Which version of epo_ops are you using? You can find out with epo_ops.__version__ in an interactive shell. Latest is 0.1.5.

If you're still experiencing problems, you'll have to drop down to the HTTP level to see what the exact response from OPS is.

I'm using python 3.3.2 and epo_ops 0.1.5. But I think I've found something:
the url variable returned contains both forward and backward (double) slashes, thus there is no regex match.

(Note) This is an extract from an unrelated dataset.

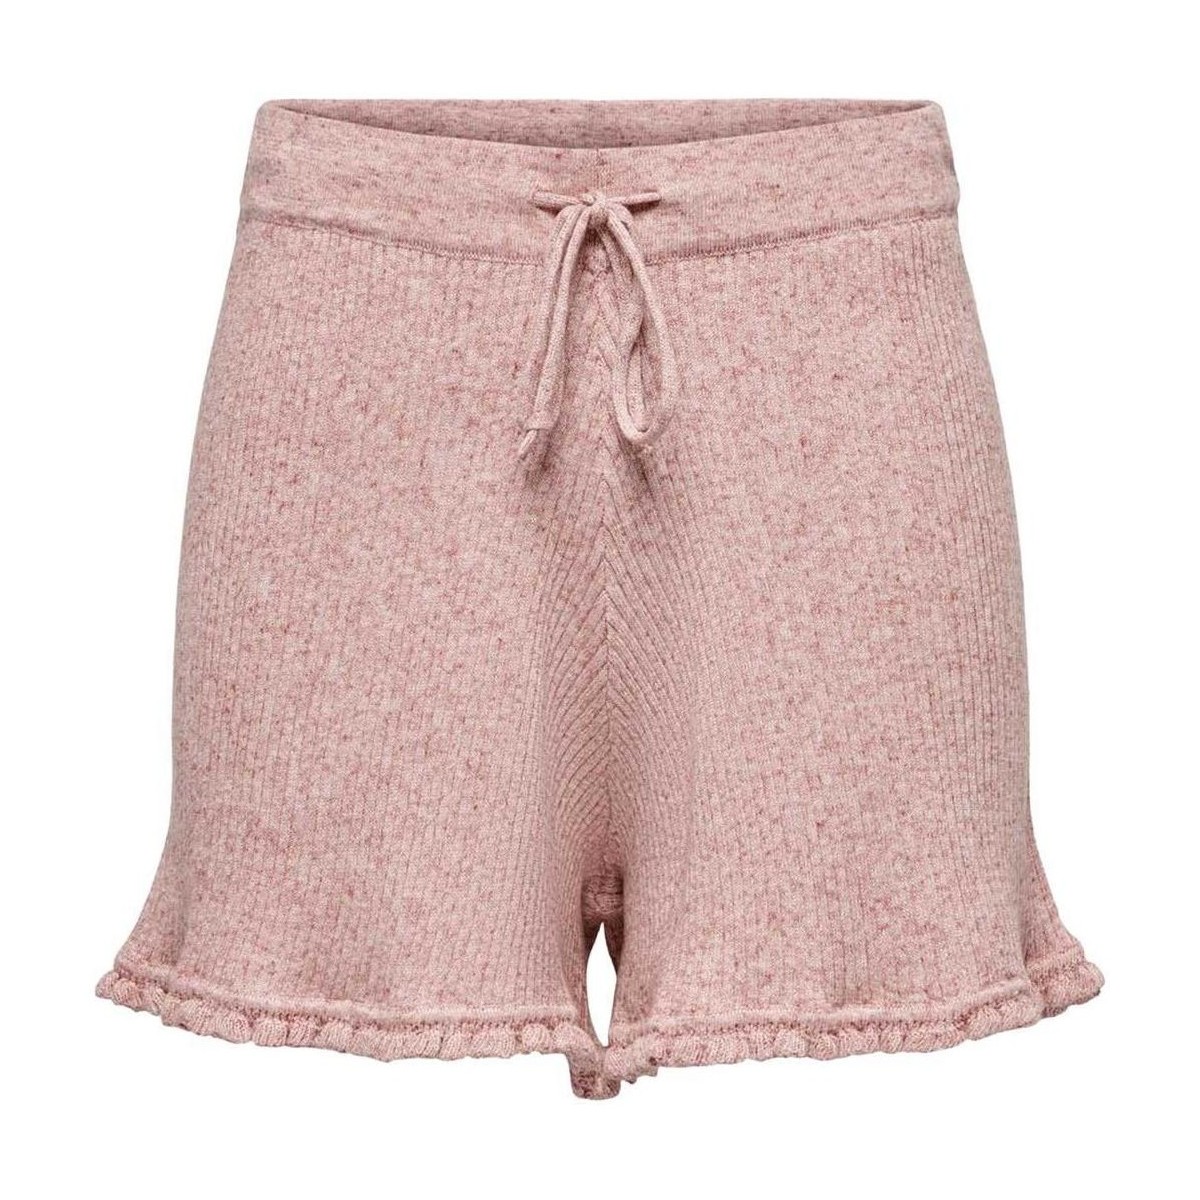 Textiel Dames Korte broeken / Bermuda's Only  Roze
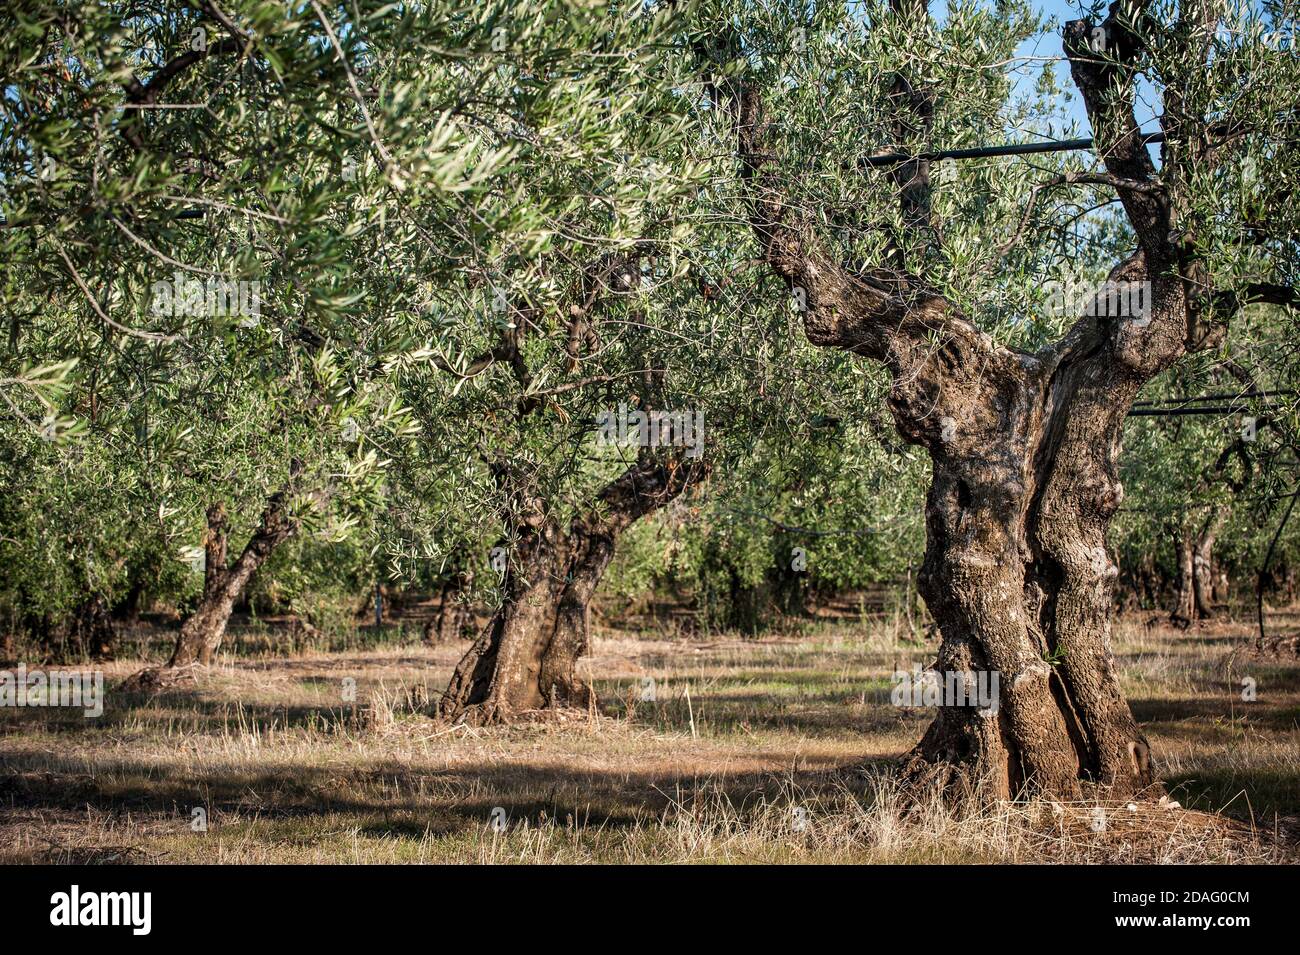 centenary olive trees in Italy Stock Photo

def make_service_request_url(
    client, service, reference_type, input, endpoint, constituents
):
    parts = [
        client.__service_url_prefix__, service, reference_type,
        input and input.__class__.__name__.lower(), endpoint,
        ','.join(constituents)
    ]
    # return os.path.join(*filter(None, parts))
    return '/'.join(parts)

Changing

os.path.join(*filter(None, parts)) to 
return '/'.join(parts)

makes it run correctly. I'm not sure that '/'.join(parts) is so robust though :)

@sfranky: Good find. / is good enough in this case, I believe. I'll make the fix and push up a new version soon.

@sfranky @goulu I've incorporated the bug fix and made another release, please update your local environment to v0.1.6 and let me know how things work for you.

works like a charm! thanks very much!

@sfranky Thank you for taking the time to troubleshoot. Obviously Windows and its backslash path separator is not my thing. BTW, I've added you to https://github.com/55minutes/python-epo-ops-client/blob/development/AUTHORS.md, hope that's OK.

I feel I've not done that much to deserve it, but since I've never been on an AUTHORS.md before, I will allow it :D :D :D
thanks for that !